Bev Wood, an ex-ESC student remembers a subject during her school days called needlework. She didn’t enjoy it at the time.

These days, Bev is passionate about her quilting hobby and spends as much time as she can in her sewing room, creating quilts and other items with fabric.

“When I was a student at Eaglehawk Secondary, I wasn’t good at sewing at all! I really didn’t enjoy the subject.”

When Bev’s children were young and she was a stay-at-home mum, a friend invited her to a quilting class, where she was cutting up fabric and sewing it back together. Bev couldn’t understand what the point of that was but decided to attend the class and have a look for herself. That was enough to get her well and truly hooked and she has been sewing ever since.

The process of quilt making starts with Bev deciding on a design and fabric that she likes. When she started out, she only used patterns but is now able to make up her own quilt designs using her knowledge and experience. After choosing a pattern or design idea, she precisely cuts the fabric pieces then sews the quilt top together. Once finished, the wadding and backing are added, and the three layers are quilted together.

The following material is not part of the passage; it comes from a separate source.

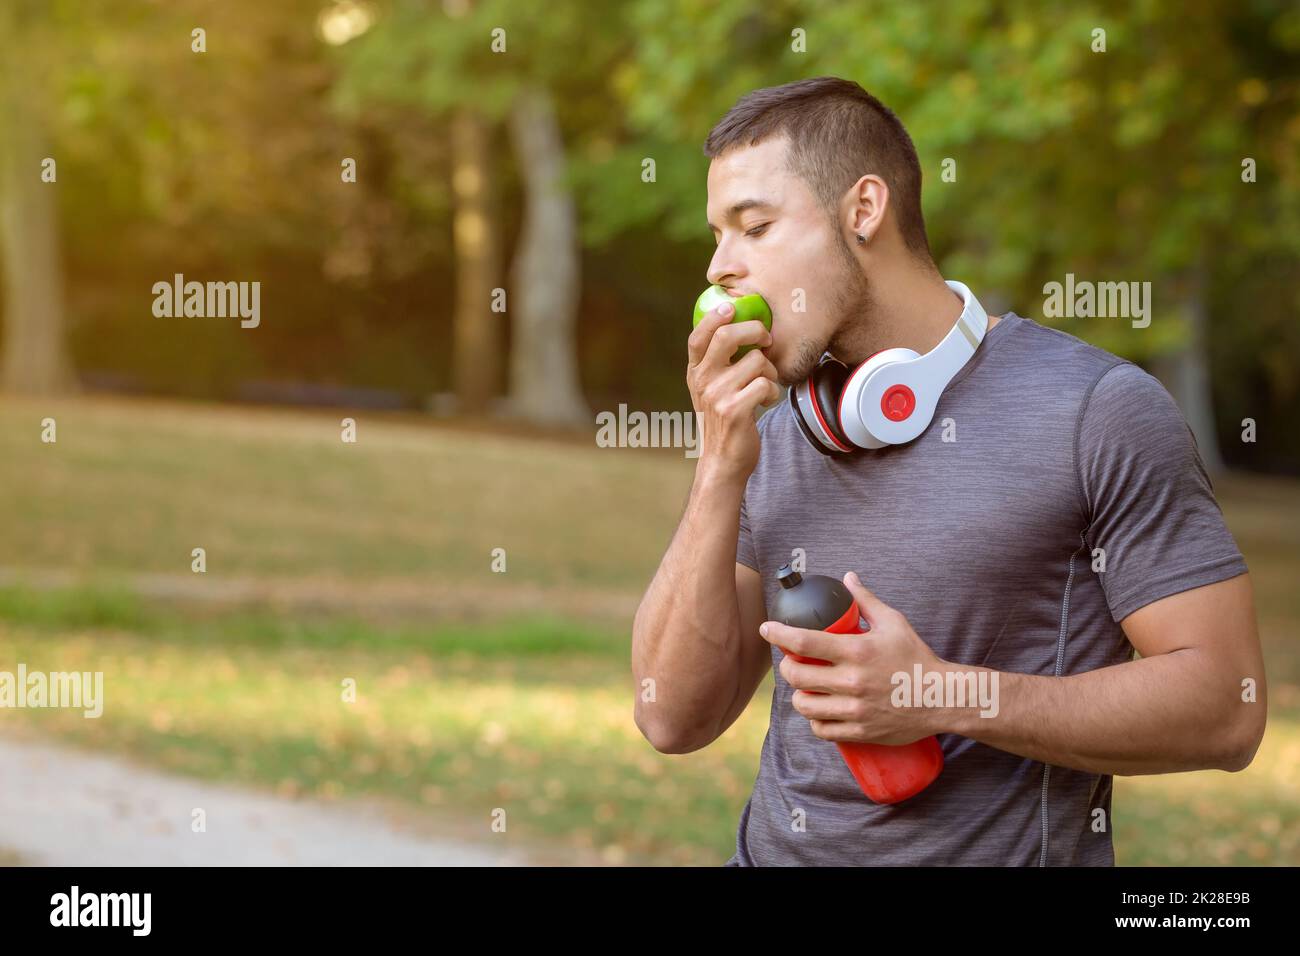 Runner young latin man eating an apple sports training fitness copyspace copy space Stock Photo

The craft is very popular, and Bev started a monthly sewing day in Eaglehawk that she calls the High Tea Sew-ciety. It’s an opportunity for all skill levels to get involved in sewing or quilting, an uninterrupted day with other quilters.

It happens one Sunday a month, from 10am to 4pm and bookings can be made via the Hopscotch Quilting Facebook page (QR Code on the next page) or by emailing. Participants bring their own sewing machine and projects and if you’re struggling with a technique, Bev is there to help. The cost for the day is $20 per person, tea, coffee and morning tea is supplied, and lunch is BYO.

“A table and chair are provided, along with fridge, sandwich toaster and microwave. We sit there all day sewing, chatting, bouncing ideas off each other and sharing our skills.”

Bev also runs weekend retreats in Axedale twice a year for quilters to share and learn new skills, to have a weekend away, dedicated just to sewing. So far, the youngest at the retreat was 22 and the oldest in her 70’s. The 22-year-old came for the first time with a very old sewing machine and a quilt she bought from the op shop for $3. She cut up the old quilt and made it into a hoodie because she’s into upcycling. Recently she brought her mum to a retreat and they spent the weekend sewing together, both learning new skills and making new friends.

“I make kits as well. People like to open the bag and have all the pieces they need along with instructions. I make zip up pouch kits, table runner kits, needle keeper and pin cushion kits, ironing board cover kits, bag kits and quilt kits. Most of the time, the ladies know what they want to make but sometimes they want to make something different, and a kit makes that really easy.”

New people are always welcome to attend with their hand or machine sewing, regardless of their experience or skill level.